А он так явно злится. Его эмоции будто выбрались за пределы тела и теперь гуляют по воздуху, отравляя всё остротой, наподобие кайенского перца. Неожиданно Ян взял меня за руку.

— Не переживай, Дари. Мы пройдём через это вместе, — дружелюбно заявил он, улыбаясь, как шельмец, припасший ещё парочку козырей в рукаве.

Я попыталась выдернуть руку, но он не дал, до ноющей боли сжав мою ладонь.

— Ян, да пойми же ты, мы слишком разные. Я никогда не убью ради себя. И уж точно я не собираюсь жить так, как живёшь ты.

— А как я живу, дорогая? — с любопытством поинтересовался мужчина.

— Так, будто мир уже горит, и надо бы брызнуть керосину, чтобы пылало ярче.

Мы остановились у высокого круглого здания рядом с каменным забором, разделяющим давинскую территорию с лесопарком. Меня знобило как в лихорадке, того гляди — пар пойдёт. Я отчаянно искала выход. Но куда бежать? Здесь полсотни вампиров и все они — до кончиков клыков верны своему Хозяину.

— А ты не веришь, что мир уже горит, Дари? — загадочно спрашивает он, поднимаясь по ступенькам и открывая стеклянные двери.

— Если бы это было так, то Конгрегация и вампиры ни за что не сели бы за стол переговоров. Если бы ты был прав, то цивилизация рухнула бы от страшной правды, — поднимая на него глаза, ответила я. — Пока существует Вуаль, пока живы те, кто радеет за мир с людьми, пожары, что устраивают такие, как ты, никогда не поглотят этот мир.


* * *

Оказавшись внутри, я с интересом огляделась. Миновав небольшую парадную, мы оказались в огромном зале под куполом, изрисованным пасторальными пейзажами. Здесь почти не было стен — сплошные окна от пола до потолка, прикрытые тонкими занавесками, свободно развевающимися от сквозняков. Мраморный пол в зелёных тонах с гулким грохотом отправлял вверх звуки наших шагов. Прямо напротив входа располагался невысокий подиум, на нём белое фортепиано, а по бокам пустые столики с вычурными ножками.

— Здесь хорошая акустика. Иногда я приглашаю оперных певиц спеть для гостей моего клана, — сказал Ян, а потом потянул меня в сторону к закрытым на ключ дверям. — Идём, сейчас будет самое интересное.

— А может хватит с интересностями? Давай тихо-мирно разойдёмся и покончим с этим, — мрачно выговорила я, замирая на пороге. Он дёрнул за руку и я, как какой-то болванчик, потащилась следом.

Сразу за дверями начинались ступени вниз.
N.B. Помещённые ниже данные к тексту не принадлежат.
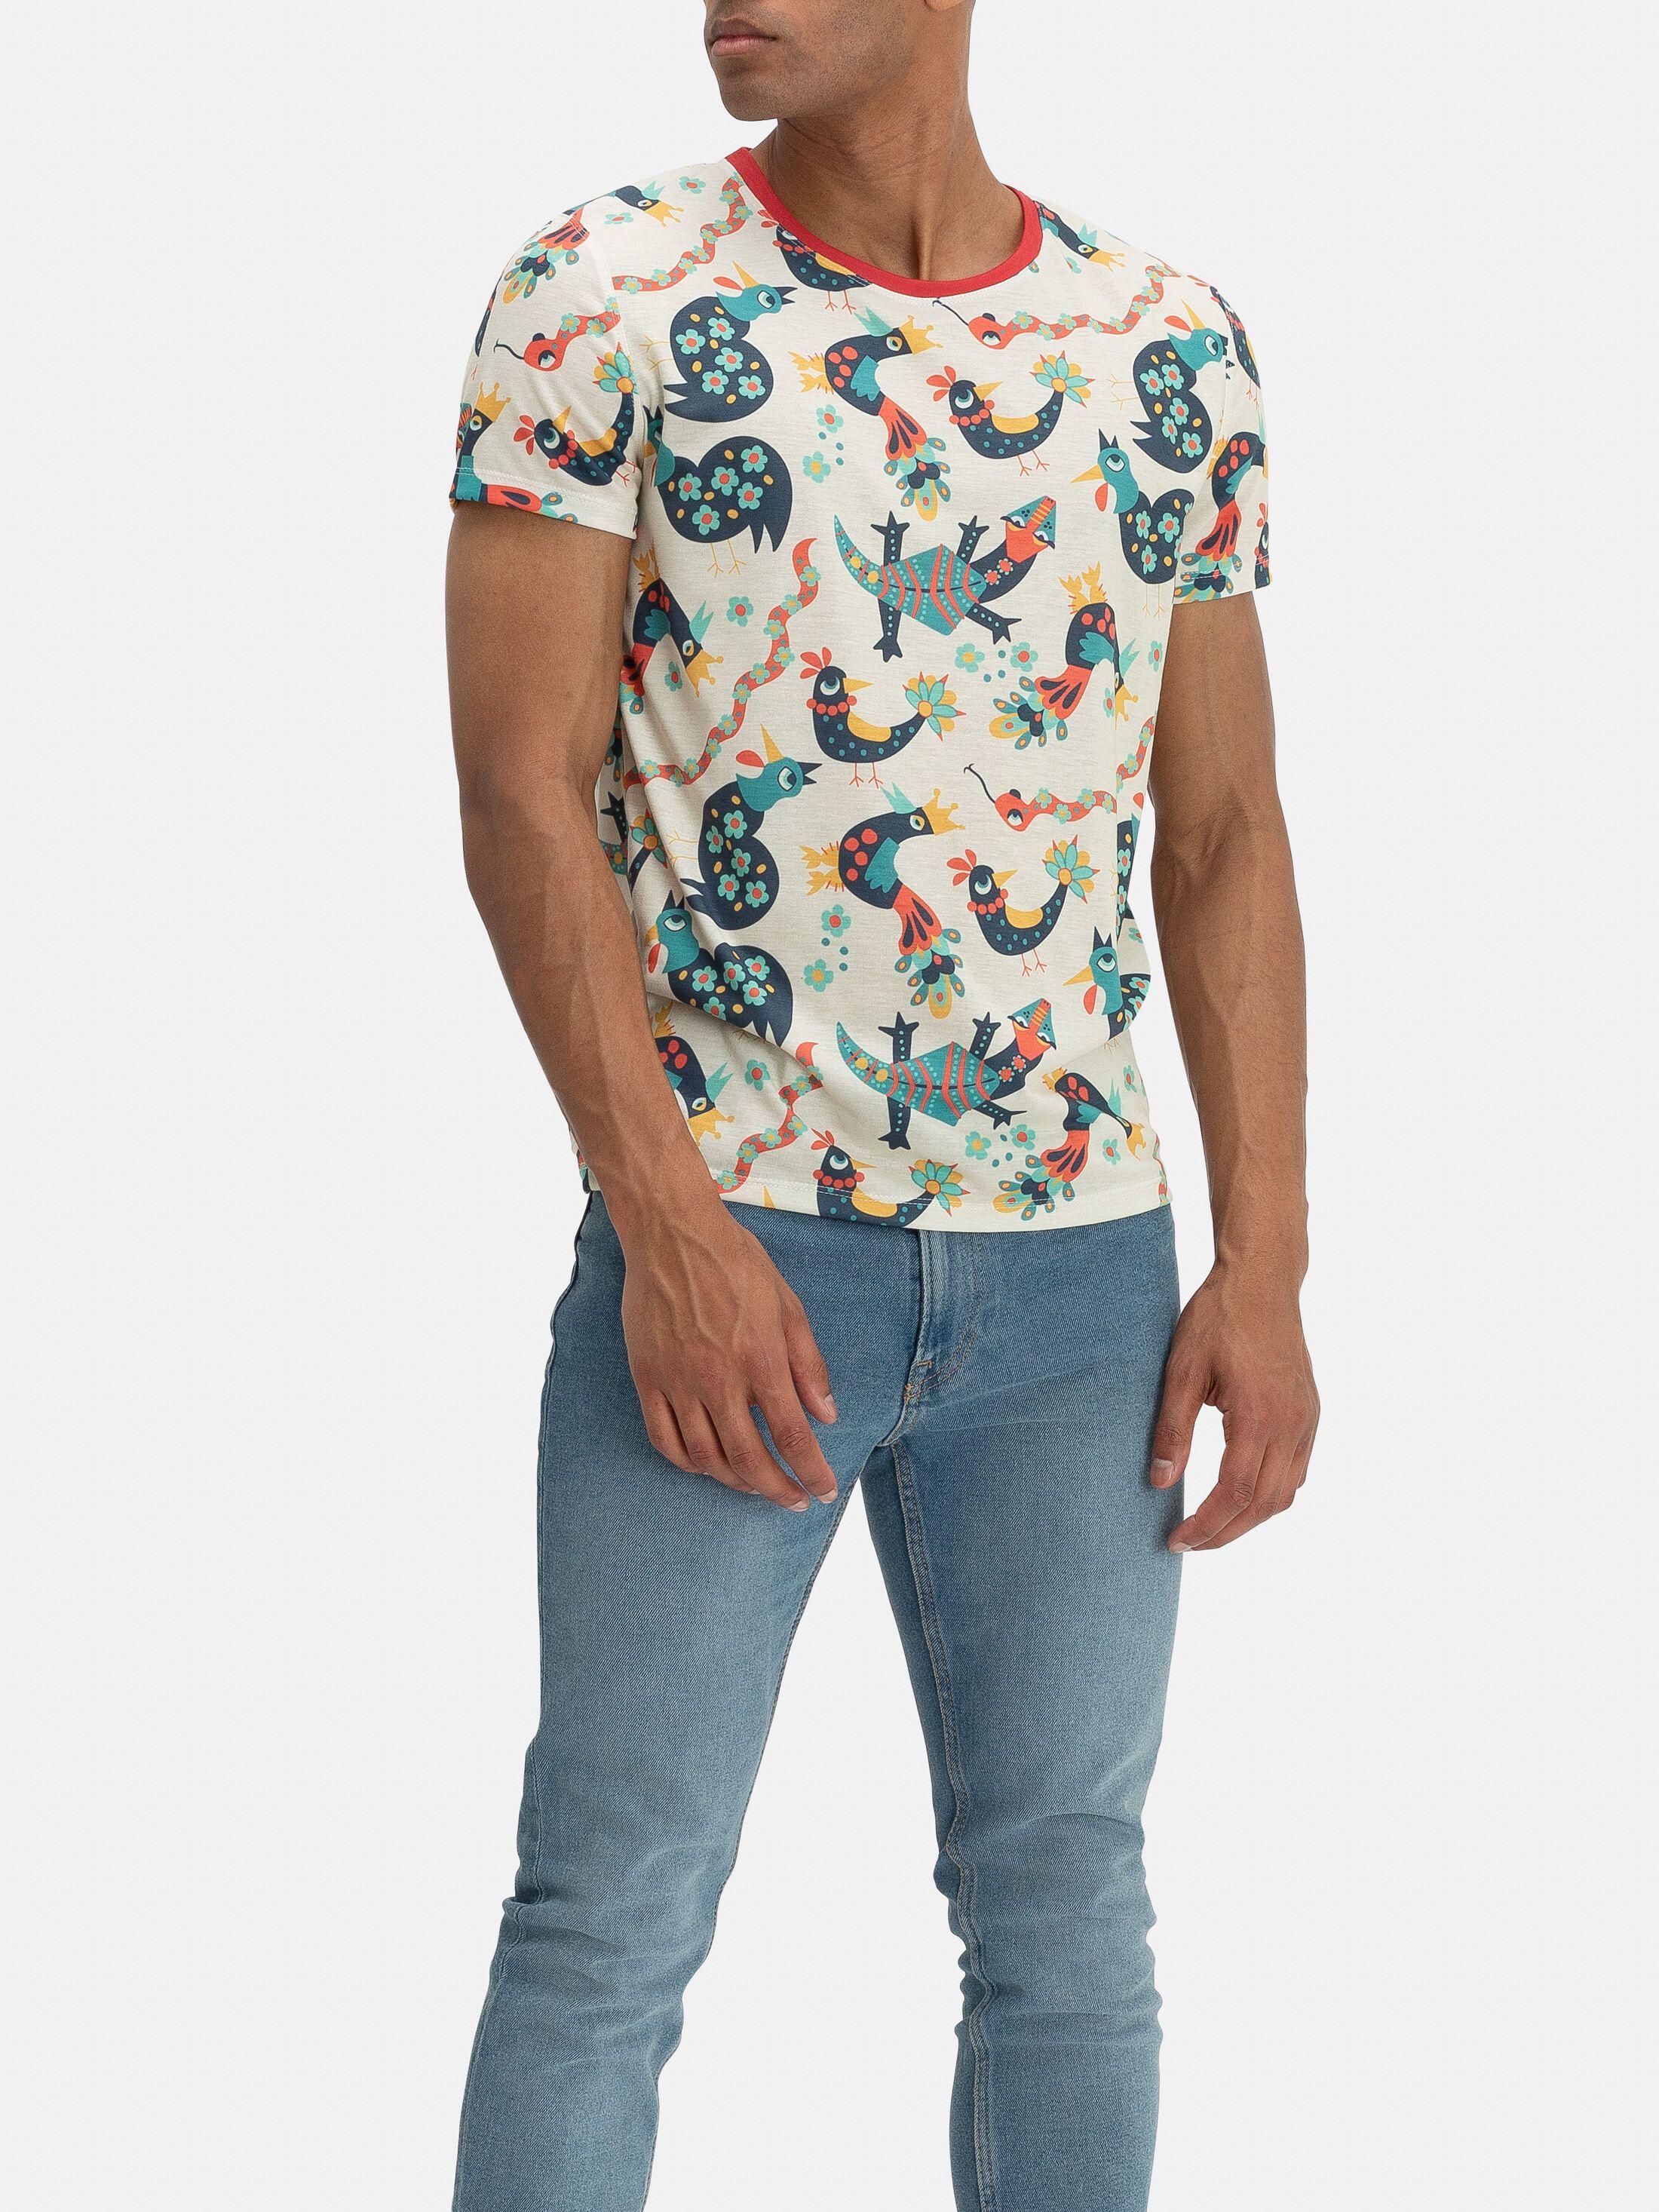 fabricada a mano camiseta personalizada
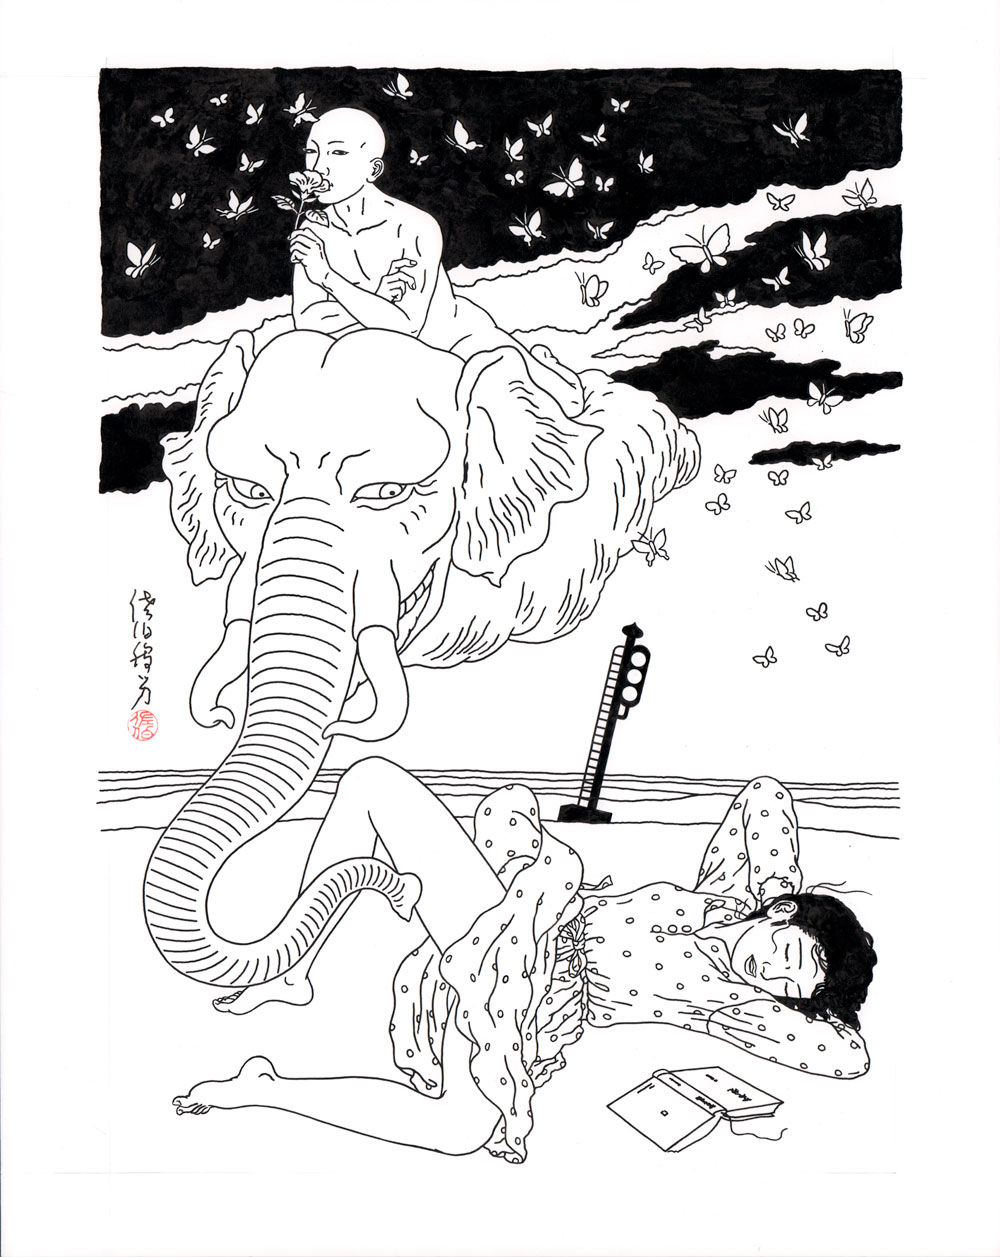 Toshio SaekiMadoromi, 2015Ink on paper.15 x 19.5 in. unframed

От наших движений снизу зажглись боковые лампы, нагнетая зловещую атмосферу, как из фильмов ужасов. Маньяк тащит в логово свою жертву. Меня пробило на смех, но он быстро стих под недовольным взглядом Яна. Собственно говоря, истина не так уж далека от фантазий. Боже, как же здесь холодно! А может холода нет вовсе, а так замёрзла моя душа рядом с ним?..

Ян любит выставлять себя напоказ. Он стильно одевается, душится ярким парфюмом с мускусным ароматом, предпочитает большие зеркала, открытые пространства и много света. Он любит сиять, любит быть в центре внимания. Тщеславен и жесток. Себялюбив. И как в таком мужчине оказалась столь дикая одержимость мной?

Откуда отыскалось место в храме, где на пьедестале сияет золотоглавое эго? Что я такого сказала или сделала, что он затолкал мой образ к себе в голову, посадив в прозрачную витрину, чтобы любоваться, играясь со мной?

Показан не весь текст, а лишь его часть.